Saindo dos devaneios, olhei a praça de tantas brincadeiras e vi um senhor, mais de 60 anos, sentado, olhando pra mim, fixo. Me aproximava, ele olhando. Por quê diabos, pensei, ele me olha tanto! Tentei disfarçar o constrangimento. E ele, ali, olhar em mim, fixo. Eu, as mãos nos bolsos, mas o olhar... A metro e meio nos encaramos e ele falou:
- Aí! Tá tomando conta do dinheiro, ein? Num bolso segurando firme as de quinhentos e no outro as de mil.
Sorri. Era dia de Natal e qualquer coisa podia acontecer! Qualquer.

III - O conto do menino da Zona Sul
Quem me conta é o Rui, na primeira reunião do ano do Clube dos Meia, enquanto esperamos a minha mulher e a dele, Nanci, com quem se passou a istória.
Foi na semana anterior, de Natal, ela, de carro na Visconde de Pirajá, altura da praça Nossa Senhora da Paz, às voltas com as últimas compras. Parada no engarrafamento, vê o menino em prantos, lágrimas em cachoeira pelo rosto abaixo, sentado no meio-fio, dois ou 3 metros à sua frente. O trànsito avança, ela fica bem ao lado do menino. Pergunta "por que choras, menino?". Um garoto maior roubou-lhe o dinheiro arrecadado na venda de chicletes. Ela se enternece. "Merda de país!" Vasculha na bolsa, apanha uma nota de mil, "não vai resolver", apanha outra, "mais, não dá!", estica o braço; ele pega, as lágrimas param; o carro de trás buzina; ele sai correndo; ela arranca, dobra a esquina, caminho livre, alma lavada, consciência aliviada.

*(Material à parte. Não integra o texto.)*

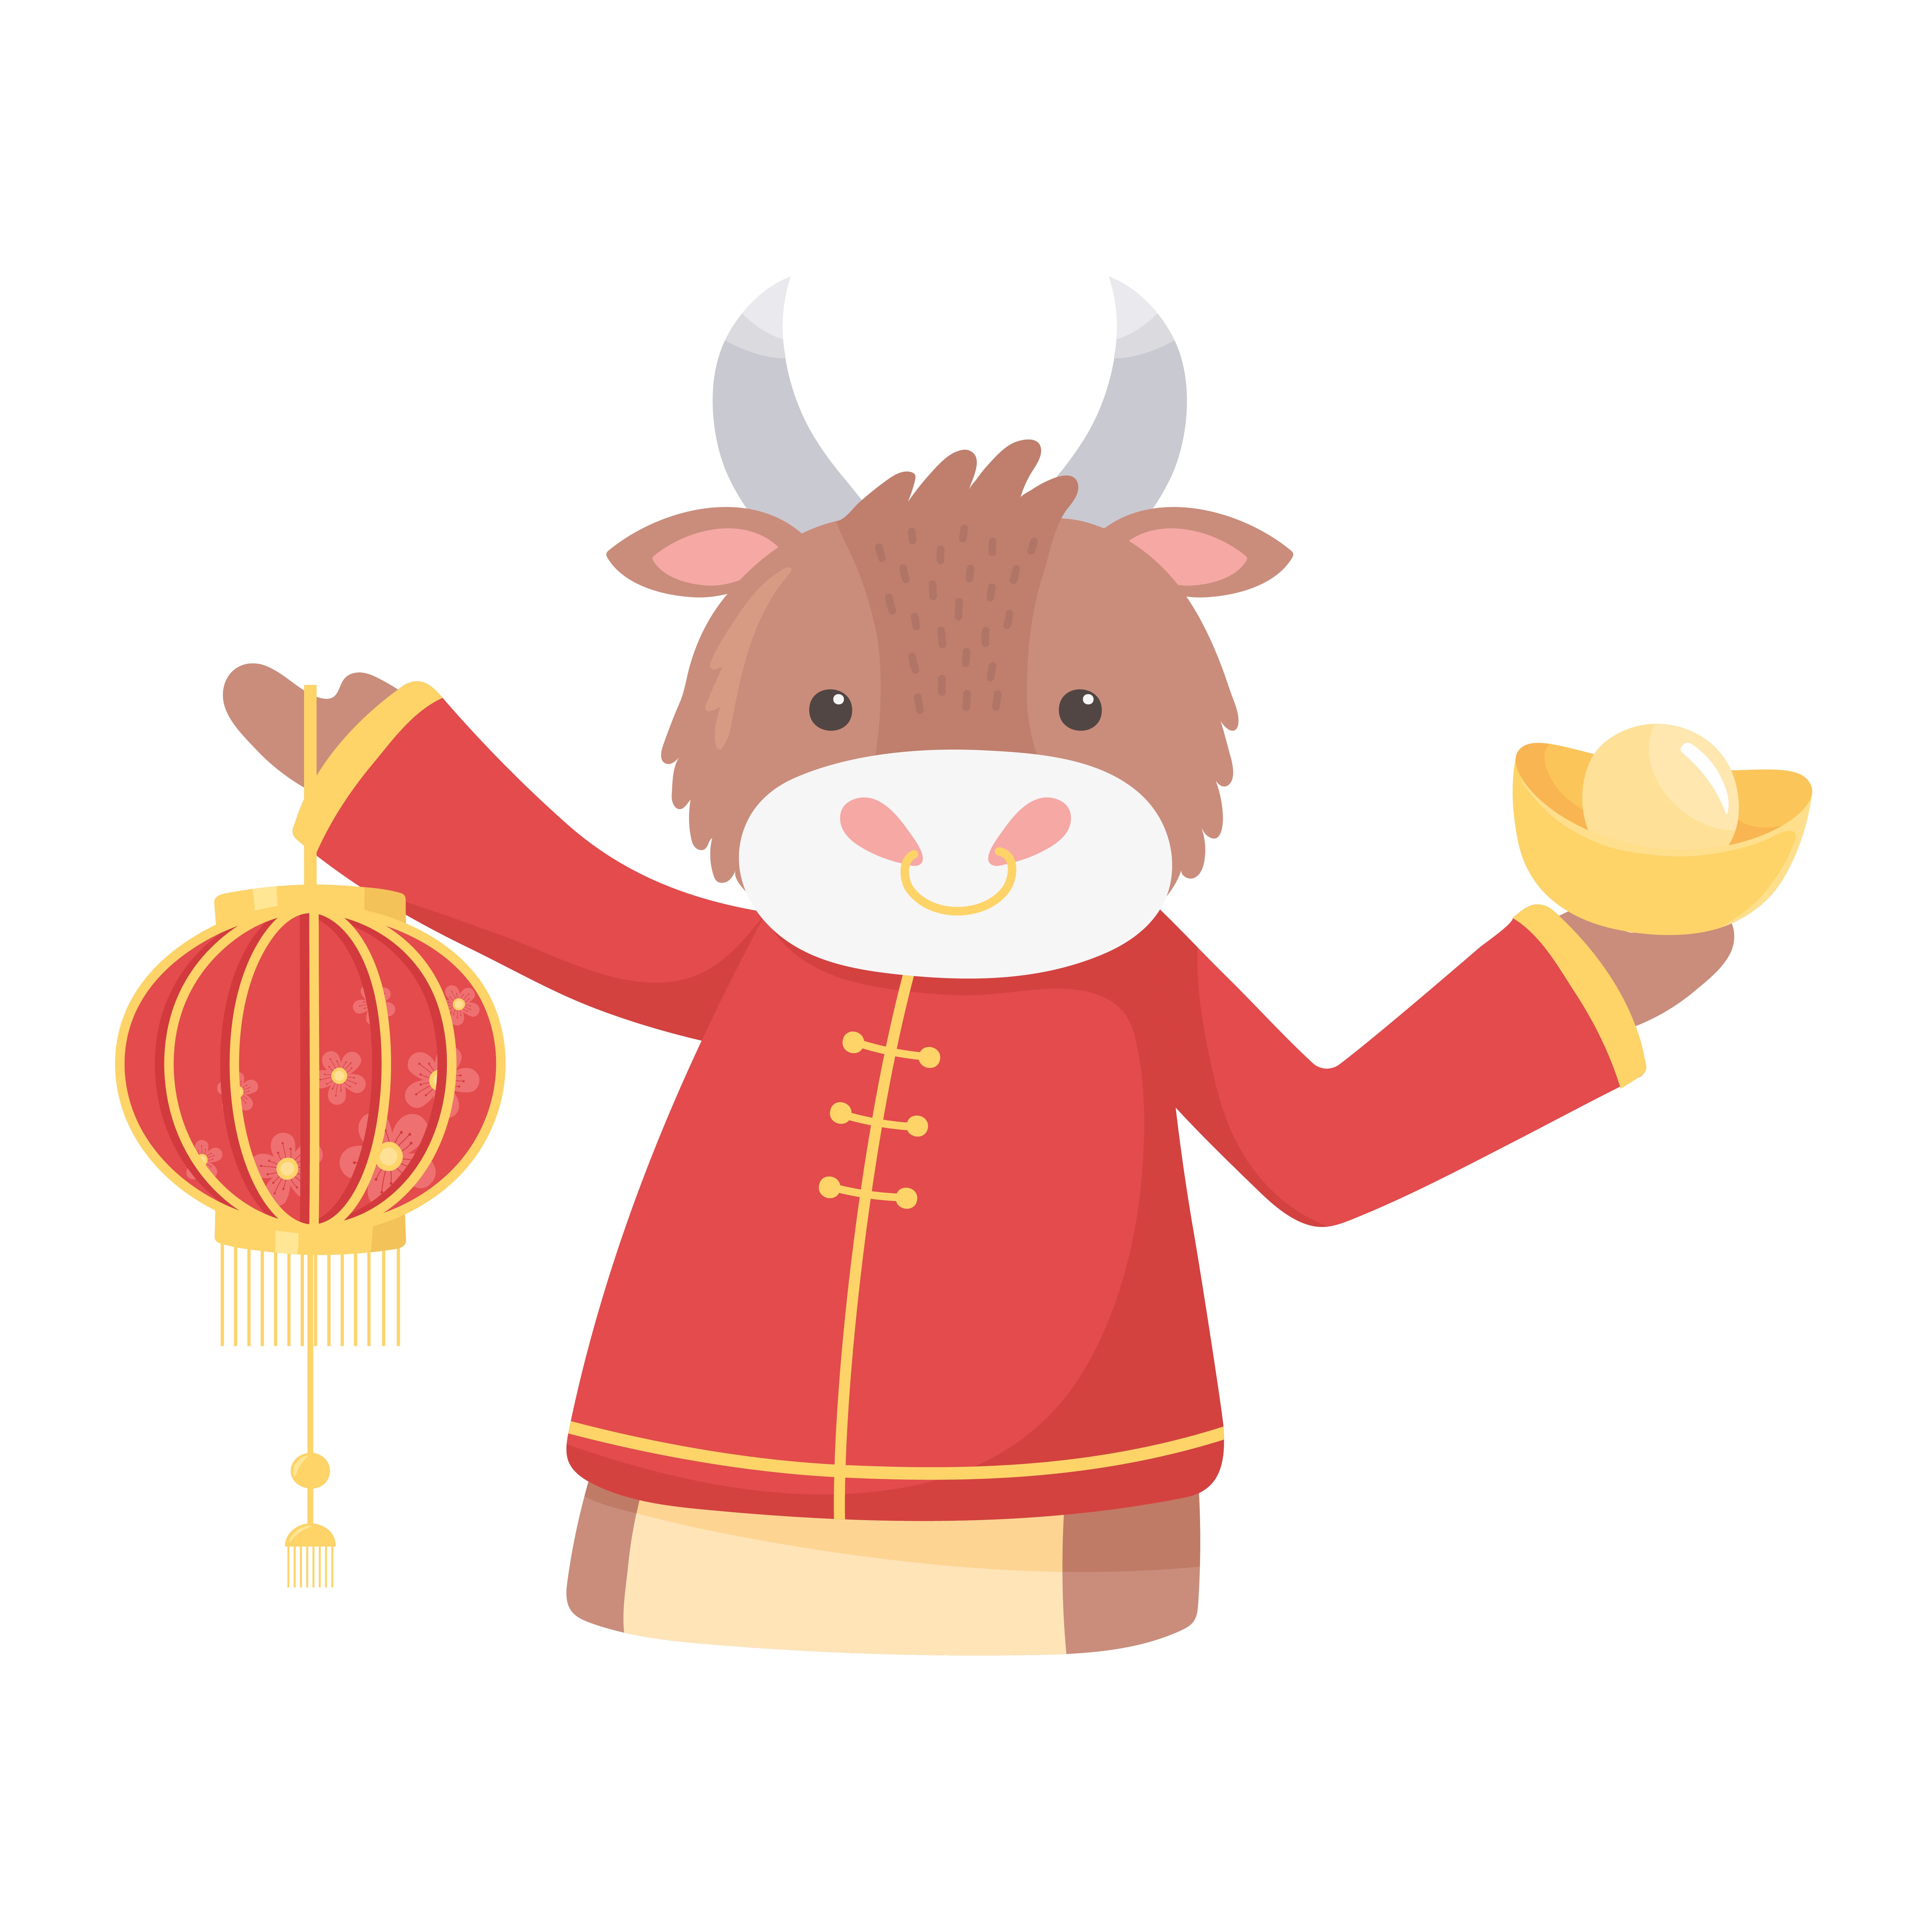 happy new year 2021 chinese, cartoon ox .vecteezy.com
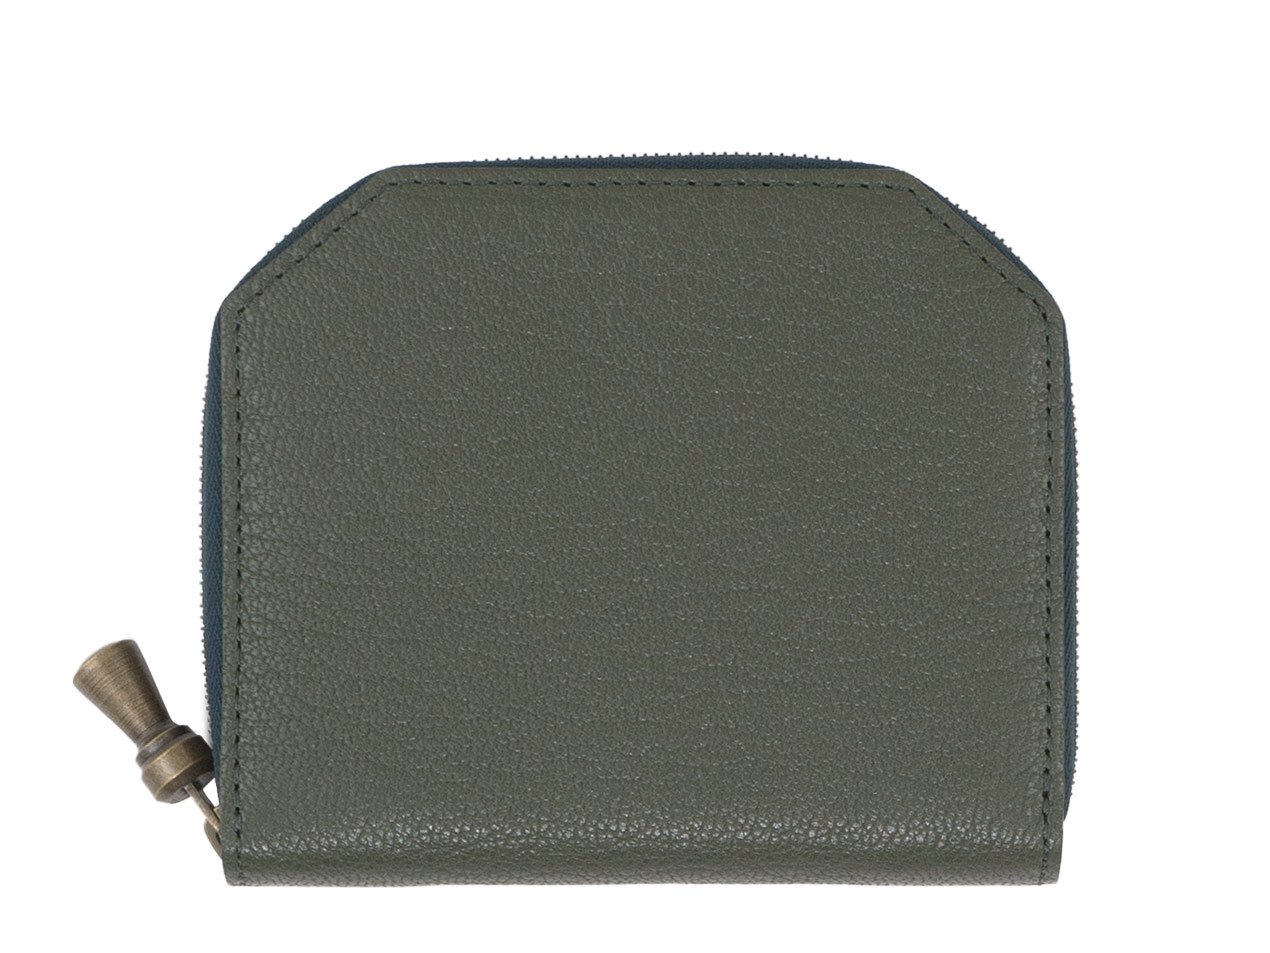 POSTALCO Kettle Zipper Wallet Thin Moss Green

Sexta-feira à tarde, véspera de Natal, as lojas fechando, um último presente, esqueceu da sogra! "Agora você vê, ela esqueceu logo da minha mãe!" me conta, ressentido, o Rui. Vai no Leblon, na Carlos Góes, pára o carro perto do cinema, compra o presente "da velha" e quando volta vê um pequeno tumulto na esquina. Ouve as vozes misturadas "Coitado!", "Alguém viu quem foi?", "Chora não. Olha aí, cada um dá um pouco pra inteirar o tanto que o outro roubou.", "Quanto foi?" Ela seguiu abrindo espaço na roda até ver um menino chorando, soluçando, igualzinho ao crioulinho de Ipanema. "Seu moleque duma figa!" resmungou calada. Pegou-o pelos ombros, levantou-o do chão, ia dizer palavrões, ia vomitar o sentimento de caridade traída que invadia a sua alma. O povo em volta esperando o desfecho. Mas era véspera de Natal e os olhinhos de jaboticaba, brilhando daquela maneira, amoleceram a raiva de Nanci.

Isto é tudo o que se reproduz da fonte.